▶ PROBLEM DETAILS
When copying the data below, keep only the lines from the one with "Katom Restaurant Supply" through the one with "She&rsquo;s tender and", word for word, and skip the pictures.

▶ RECORDS TO PROCESS
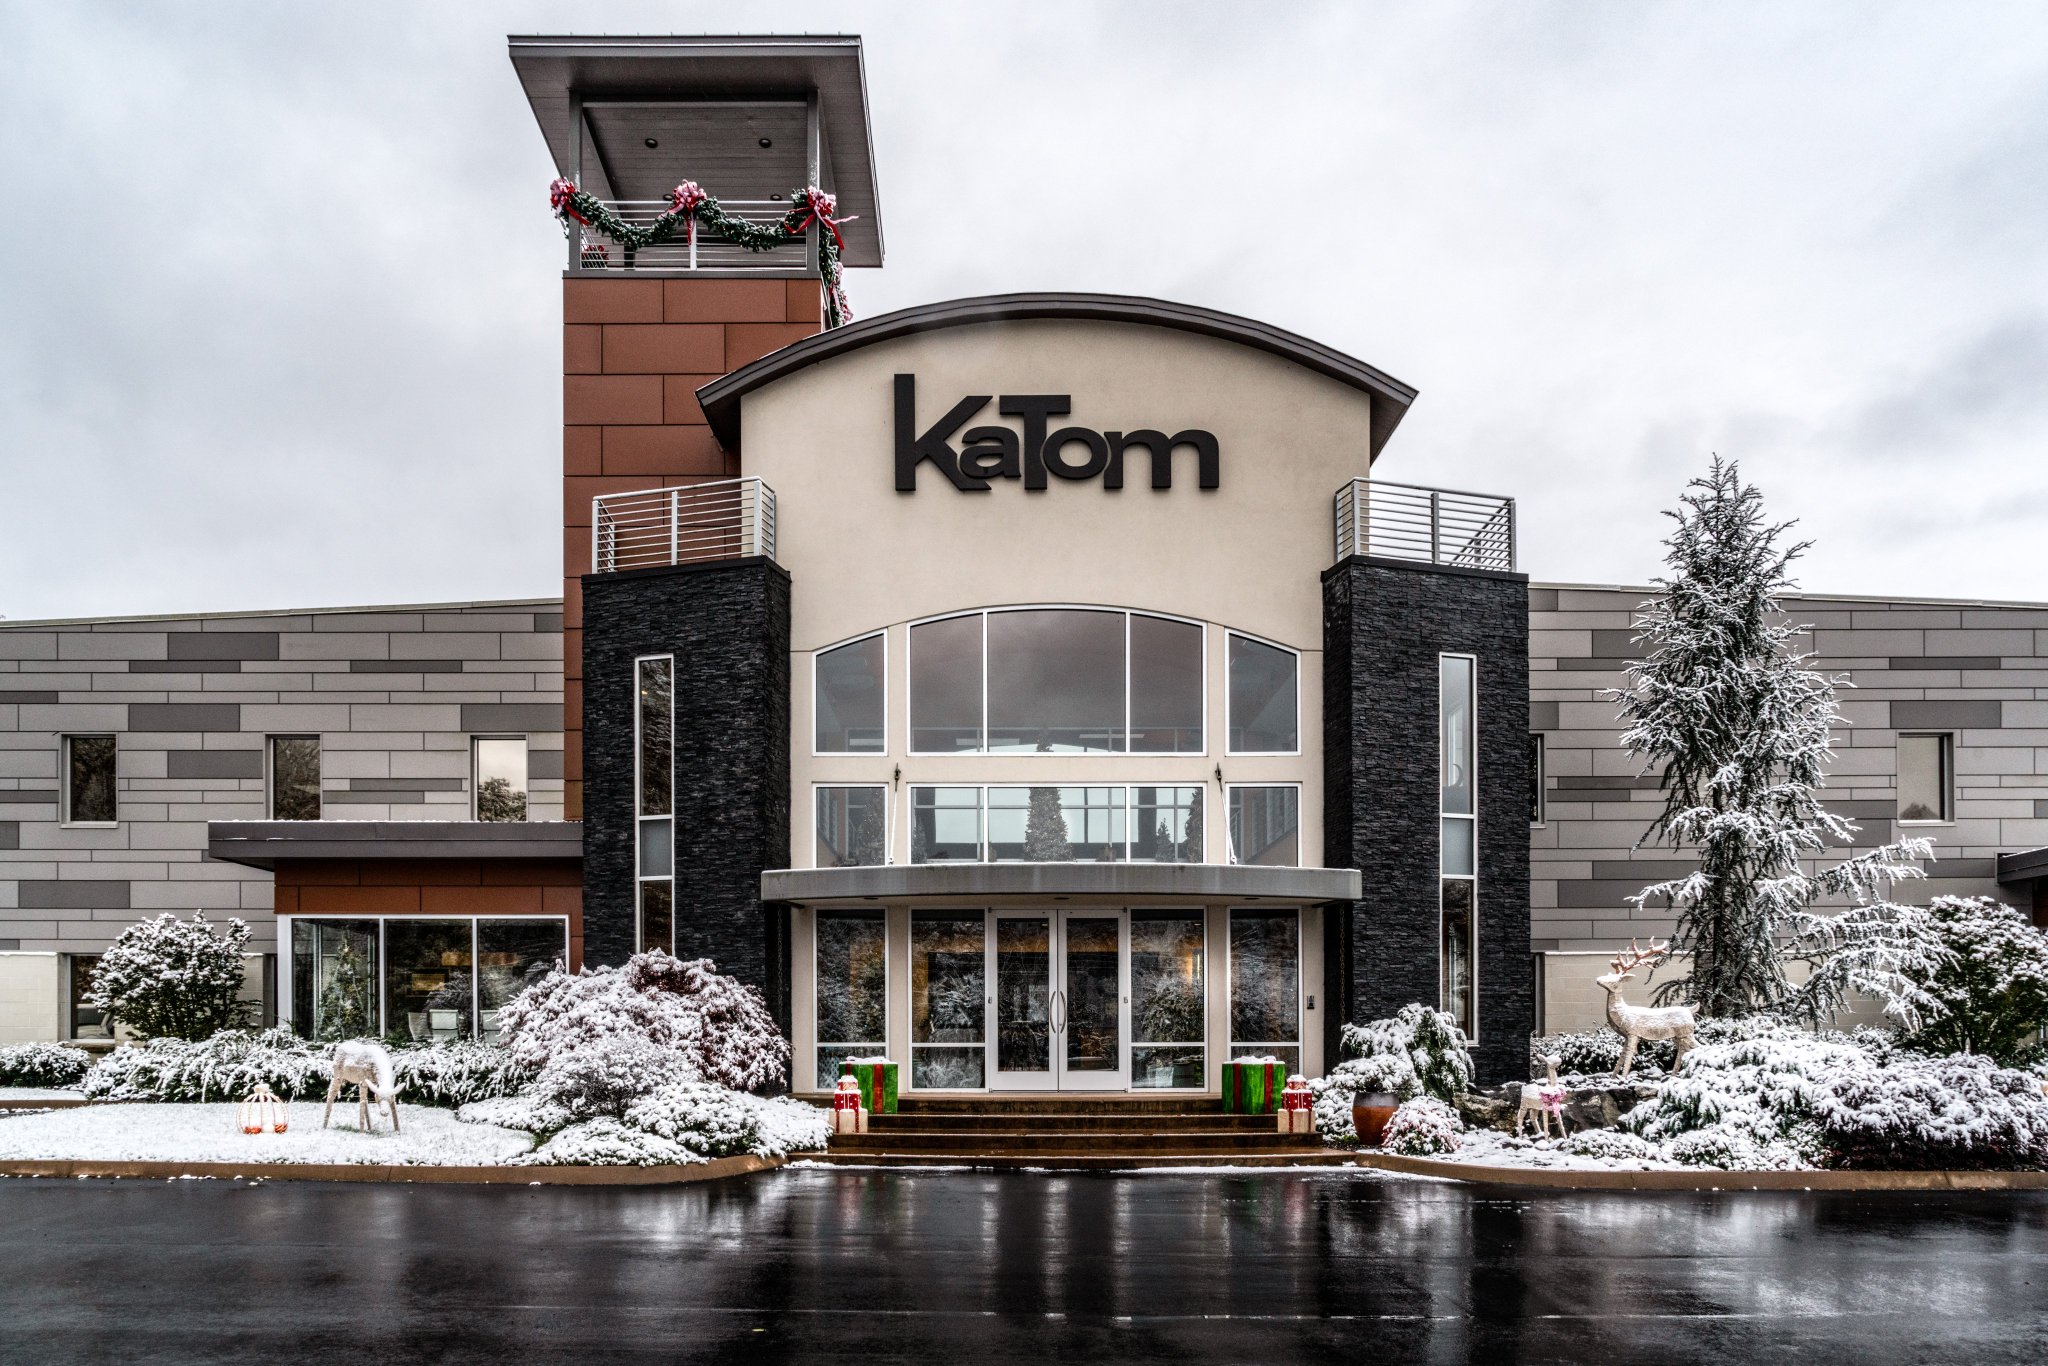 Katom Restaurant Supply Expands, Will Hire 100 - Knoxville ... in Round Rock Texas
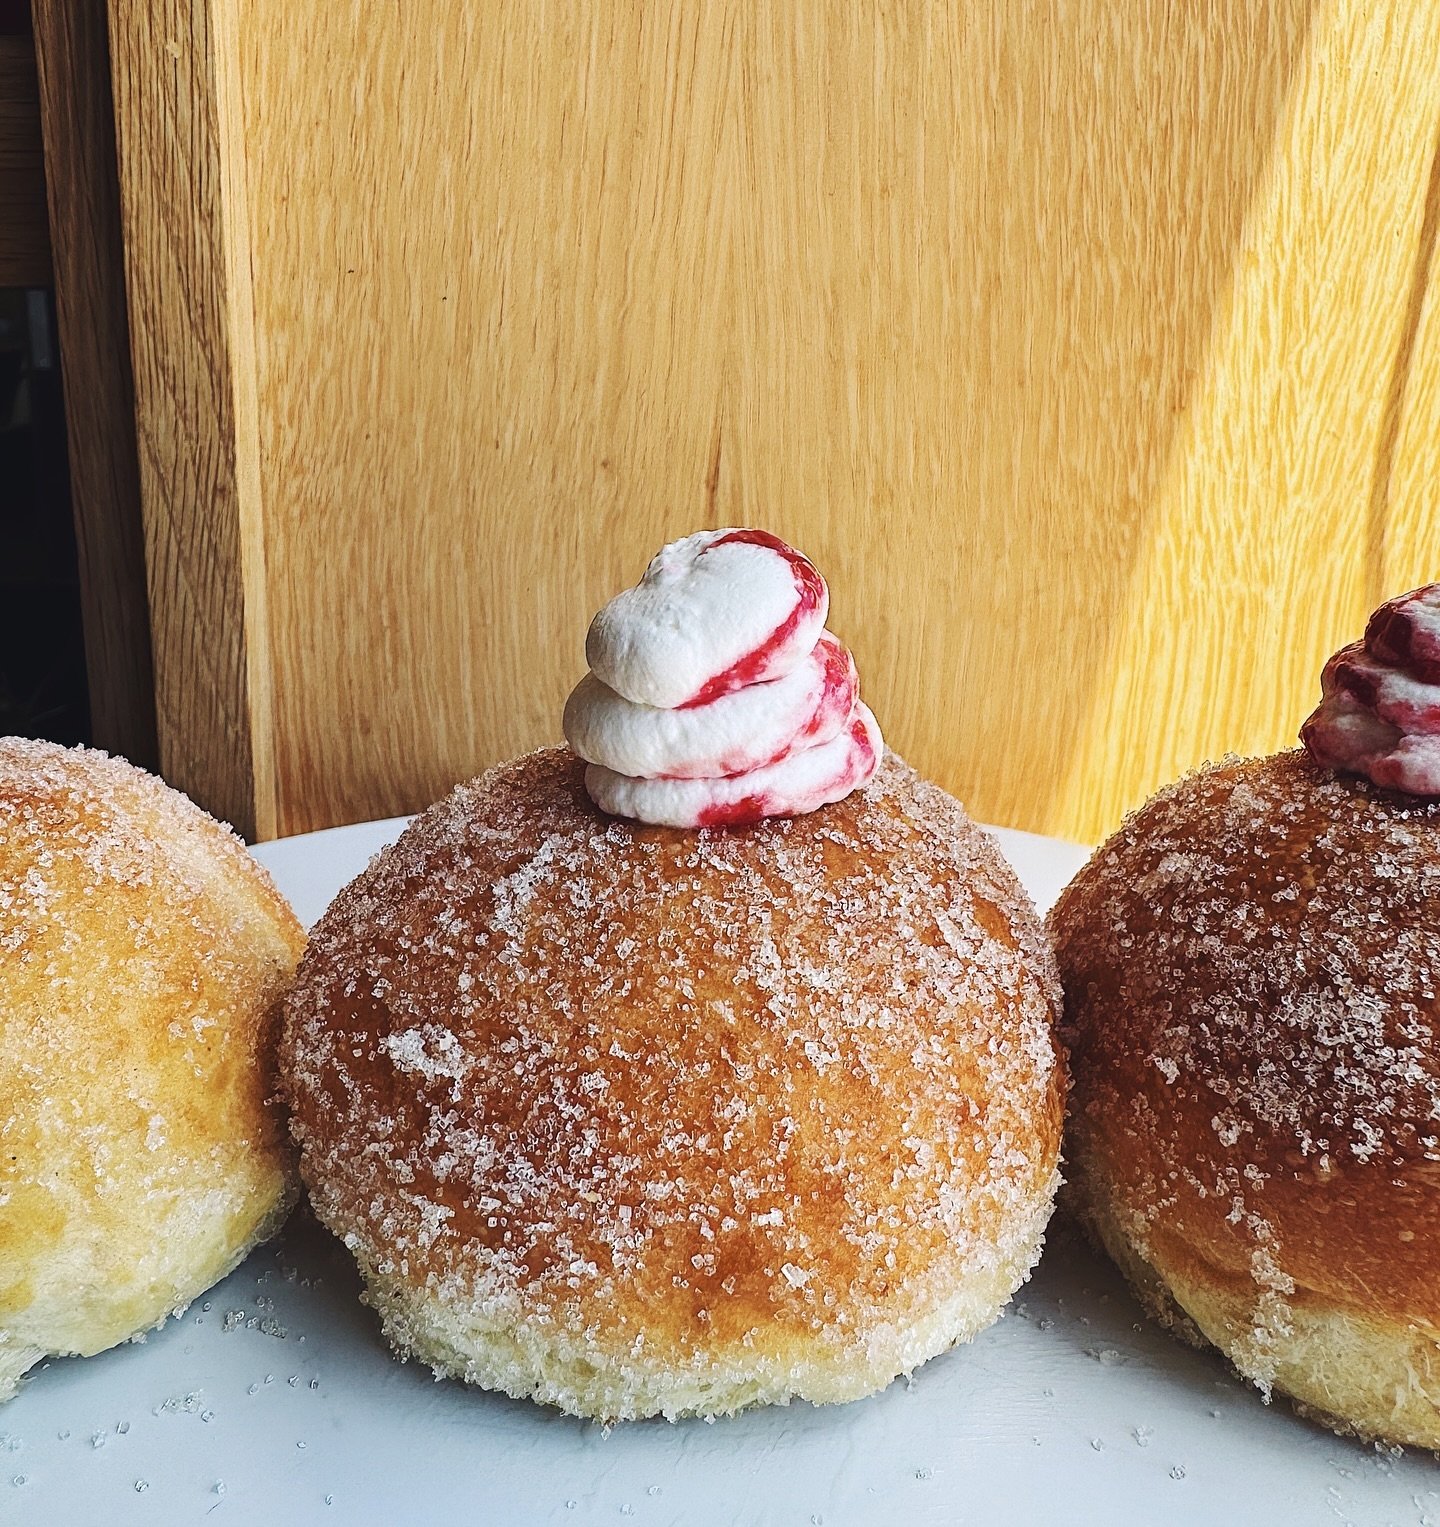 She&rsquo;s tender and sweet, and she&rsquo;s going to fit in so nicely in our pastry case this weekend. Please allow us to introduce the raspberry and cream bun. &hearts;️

...

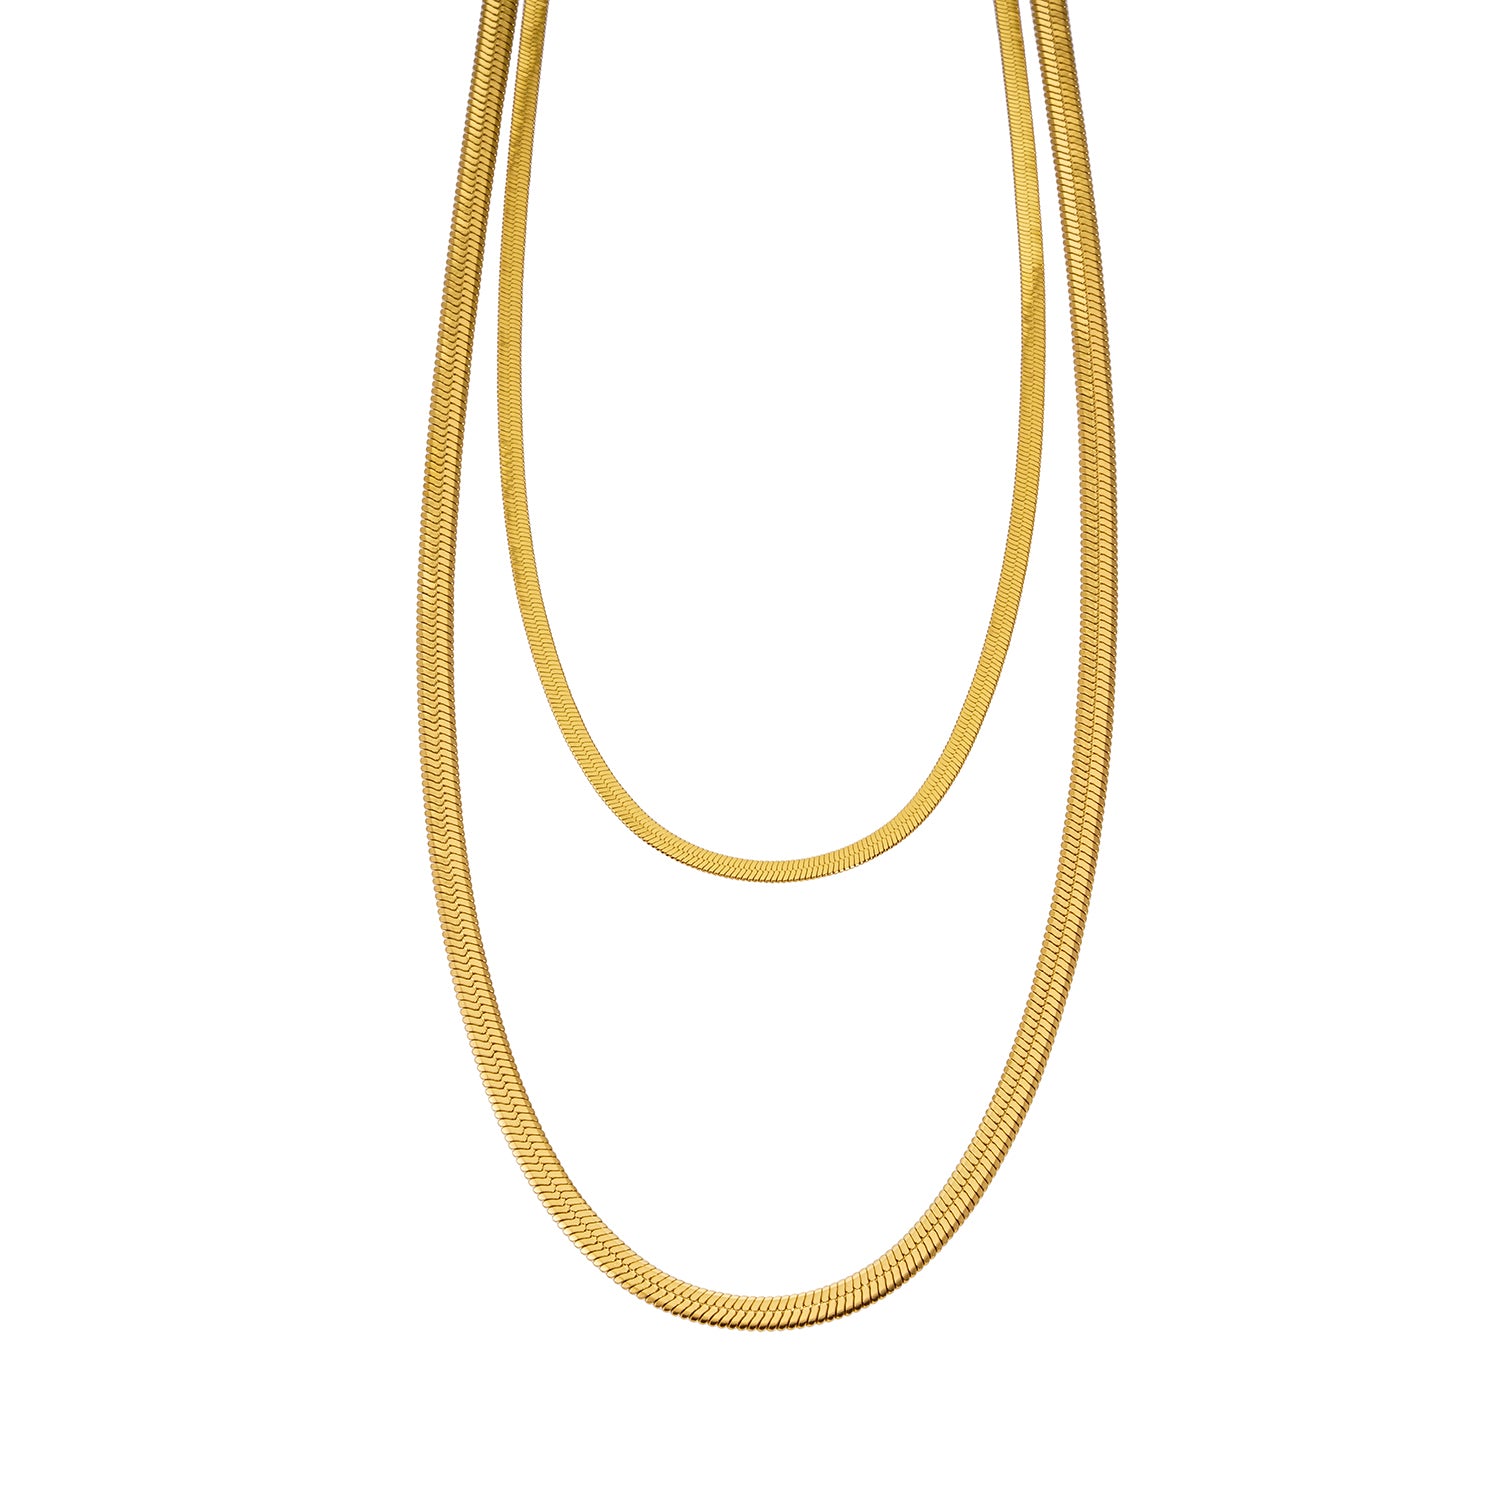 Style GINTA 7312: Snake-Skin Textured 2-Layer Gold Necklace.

▶ SOLUTION TO THIS PROBLEM
 Katom Restaurant Supply Expands, Will Hire 100 - Knoxville ... in Round Rock Texas
 She&rsquo;s tender and sweet, and she&rsquo;s going to fit in so nicely in our pastry case this weekend. Please allow us to introduce the raspberry and cream bun. &hearts;️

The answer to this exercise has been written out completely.